No passaporte consta 'M' ou 'F'. Desde 2018 é possível, em casos excecionais, um 'X' — formalmente por decisão judicial, na prática cada vez mais com um limiar mais baixo. A Base de Registo de Pessoas não tem categoria não binária; o X só aparece nos documentos de viagem.

Alteração de nome

A alteração do nome próprio é, desde há alguns anos, acessível — por uma taxa fixa junto do município, sem processo judicial pesado. A alteração do apelido continua dispendiosa e morosa. Para as pessoas transgénero que também queiram alterar o apelido, isto continua a ser um obstáculo.

Carta de condução, passaporte, cartão de identificação

Após a alteração jurídica do sexo, os documentos são atualizados a pedido. A fotografia continua válida; os dados jurídicos são adaptados. Em viagens internacionais podem surgir problemas em países que não reconhecem o registo neerlandês.

Legislação antidiscriminação

A Lei Geral de Igualdade de Tratamento prevê desde 2019 um motivo explícito de 'identidade de género, expressão e características sexuais'. O Colégio dos Direitos Humanos analisa as queixas. A maior parte das decisões é favorável aos queixosos transgénero; as recusas com base em segurança em espaços femininos (vestiários, abrigos) raramente são acolhidas.

Tensões com outros direitos

A jurisprudência britânica (For Women Scotland v Scottish Ministers, 2025) determinou que 'sex' na Equality Act significa sexo biológico. O equivalente holandês — uma decisão que clarifique juridicamente o alcance do 'sexo' na AWGB — ainda não existe. Os serviços específicos para mulheres (vestiários, desporto, abrigos para mulheres vítimas de violência, prisões) navegam numa zona cinzenta do direito.

Regulamentação desportiva

O NOC*NSF segue largamente o quadro do COI. A KNVB e a KNZB têm regras próprias, muitas vezes mais amplas, para mulheres trans na competição feminina. Não existe lei holandesa que vincule as federações desportivas a uma classificação biológica; são as federações que decidem.

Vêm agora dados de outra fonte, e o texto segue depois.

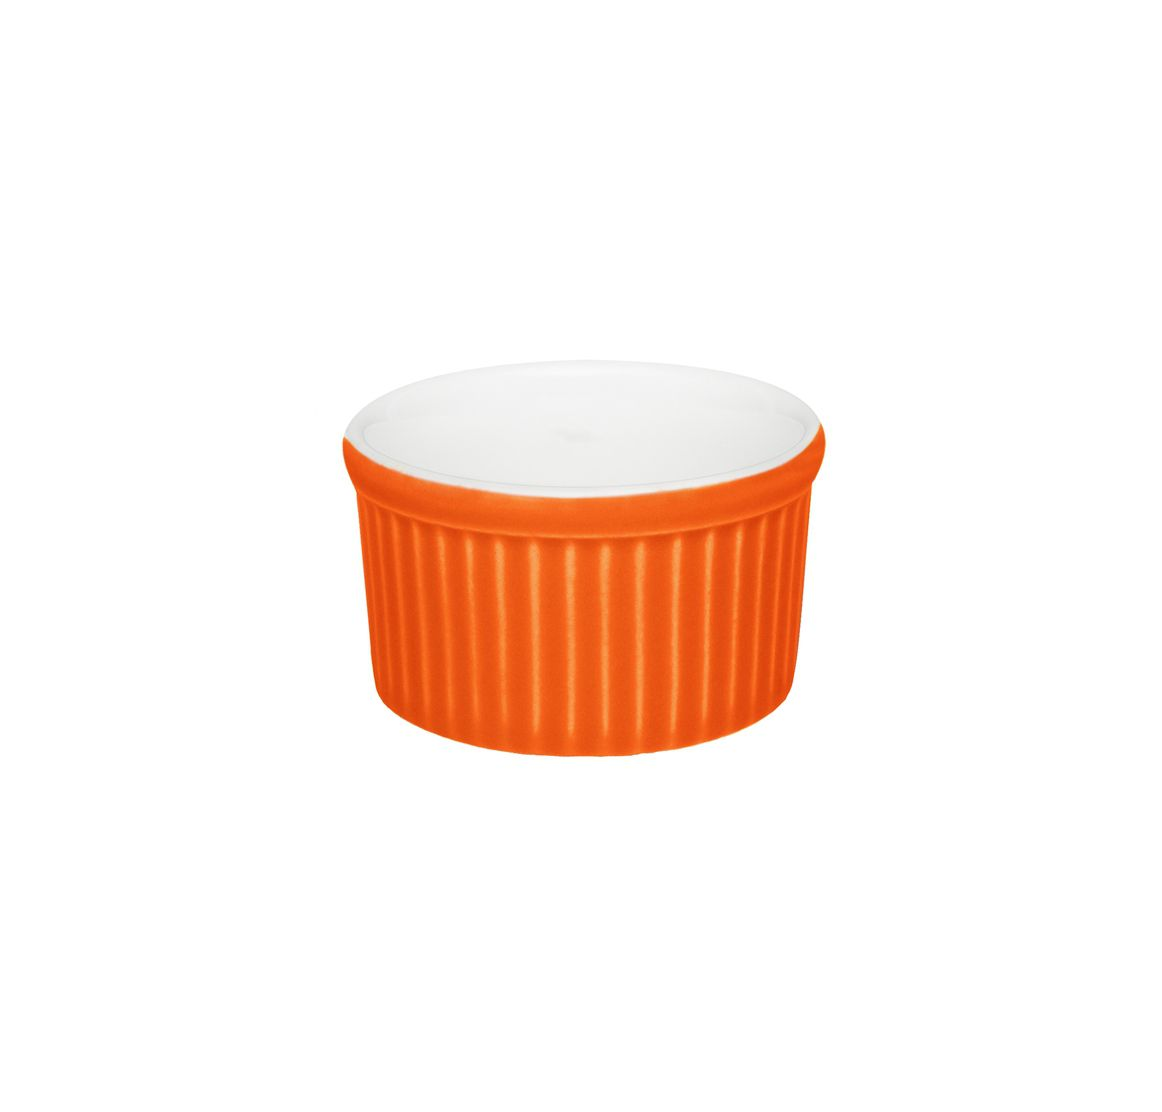 Tigela Ramequin 6X3Cm 50Ml - Branco/Laranja - Oxford Cookware

Diferenças jurídicas internacionais

A Espanha (2023) e a Escócia (brevemente, 2023) introduziram modelos de autoidentificação. A Escócia foi travada pelo governo britânico e, por fim, juridicamente revogada. A Hungria, a Eslováquia e alguns estados americanos seguiram o caminho oposto, com legislação restritiva. Os Países Baixos encontram-se numa posição intermédia, em que a lei segue a prática em vez de a antecipar.

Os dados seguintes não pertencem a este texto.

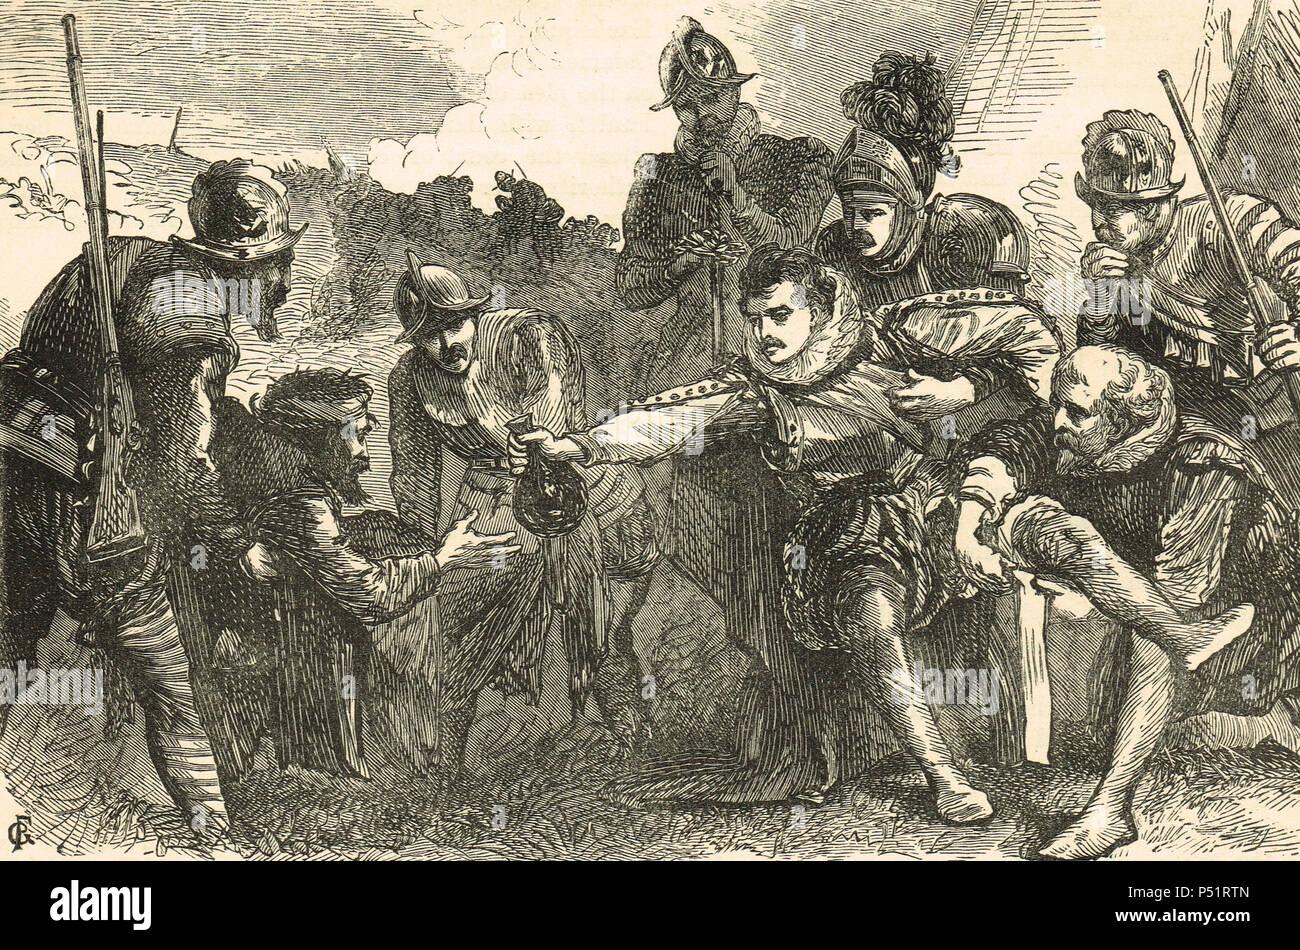 Death of Sir Philip Sidney, battle of Zutphen, 22 September 1586 - Stock Image

O que um menor pode fazer juridicamente

Abaixo dos 16: é exigido o consentimento parental para intervenções médicas. 16-18: em princípio, capacidade jurídica autónoma para decisões médicas, desde que 'capaz de discernimento'. Se uma jovem de dezasseis anos pode aprovar intervenções irreversíveis ainda não está consolidado juridicamente — a jurisprudência britânica (Bell v Tavistock, 2020-2021) produziu decisões mistas. A jurisprudência holandesa sobre o tema é, em larga medida, inexistente.